Musk is reportedly seeking a SpaceX listing on Nasdaq.
SpaceX IPO: breaking records
SpaceX could try to raise more than $50 billion, which would surpass the $29.4 billion raised by Saudi Aramco in 2019. The move is a blow to the dormant US IPO market, potentially opening the door to companies like OpenAI and Anthropic.
“Investors are scrambling to make any kind of investment in SpaceX,” Angelo Bochanis, an analyst at Renaissance Capital, told Reuters. He said while the company’s fundamentals are strong, its valuation—much like that of Tesla Inc.—will trade on the public’s confidence in Musk’s long-term vision.
According to reports, SpaceX made a profit of ~$8 billion on revenues of approximately $15.5 billion last year. This profitability is based on two primary drivers:
- A fleet of reusable Falcon 9 and Falcon Heavy rockets that have reduced the cost of reaching orbit.
- The satellite internet group, called Starlink, provides high-margin recurring revenue for Musk’s broader ambitions.
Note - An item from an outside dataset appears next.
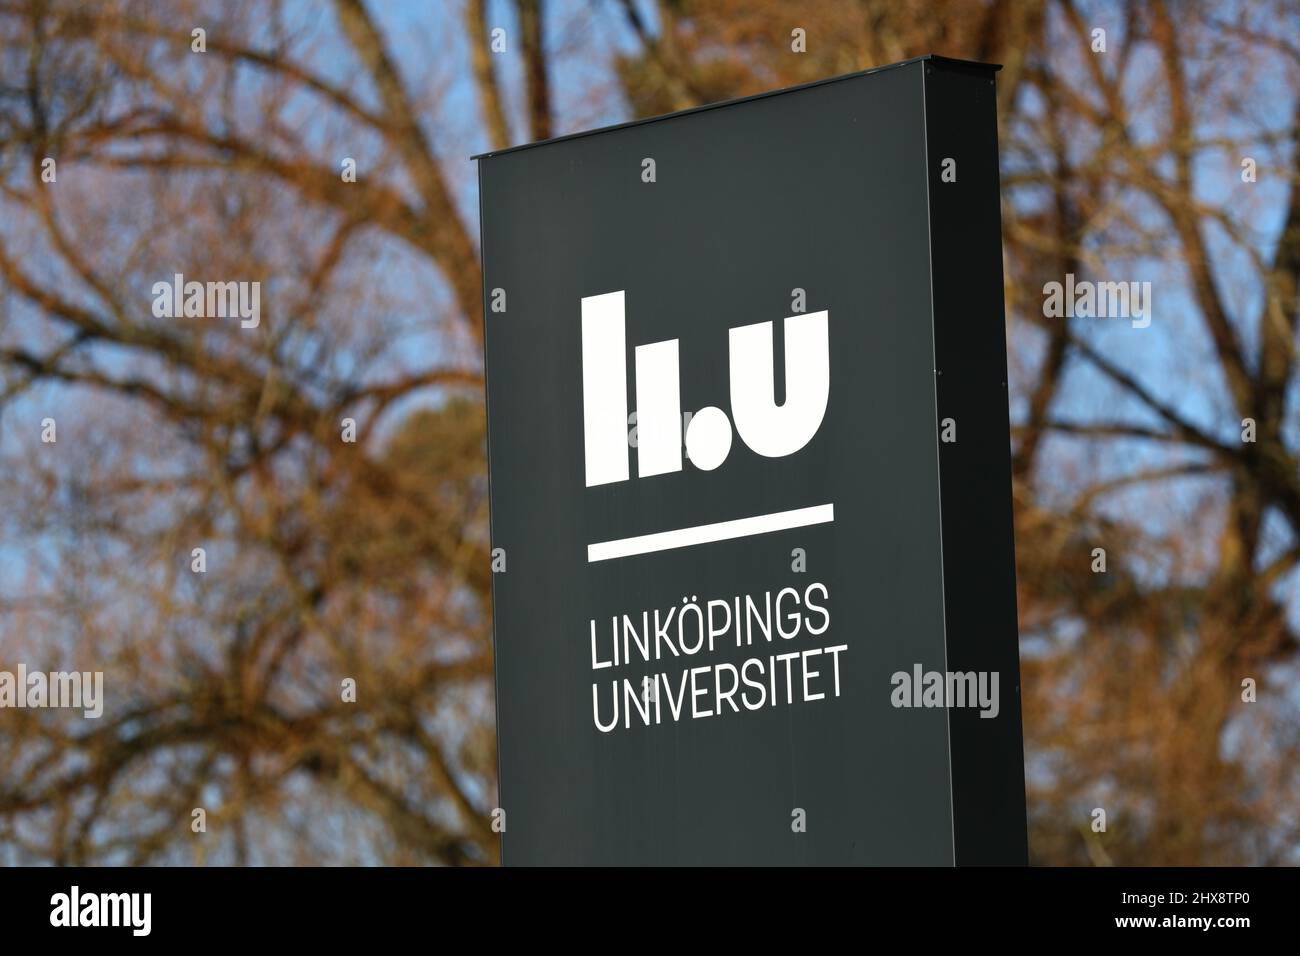 Linköping University in the city of Linköping, Sweden. Stock Photo

SpaceX IPO: All eyes on Musk
A public listing would examine Musk’s business empire, which includes Tesla, Neuralink and The Boring Company. Investors have expressed concerns over “major risks” and the ability of billionaires to manage multiple trillion-dollar enterprises simultaneously.
To maintain his holding, Musk is expected to use a dual-class share structure. “This would allow Musk to tap public capital while maintaining control even after substantial dilution,” Minamo Gahang, an assistant professor of finance at Cornell University, told Reuters.
SpaceX is currently seeking regulatory approval to launch up to 1 million solar-powered satellites designed to act as orbital data centers — a move that would combine its launch capabilities with xAI’s processing needs.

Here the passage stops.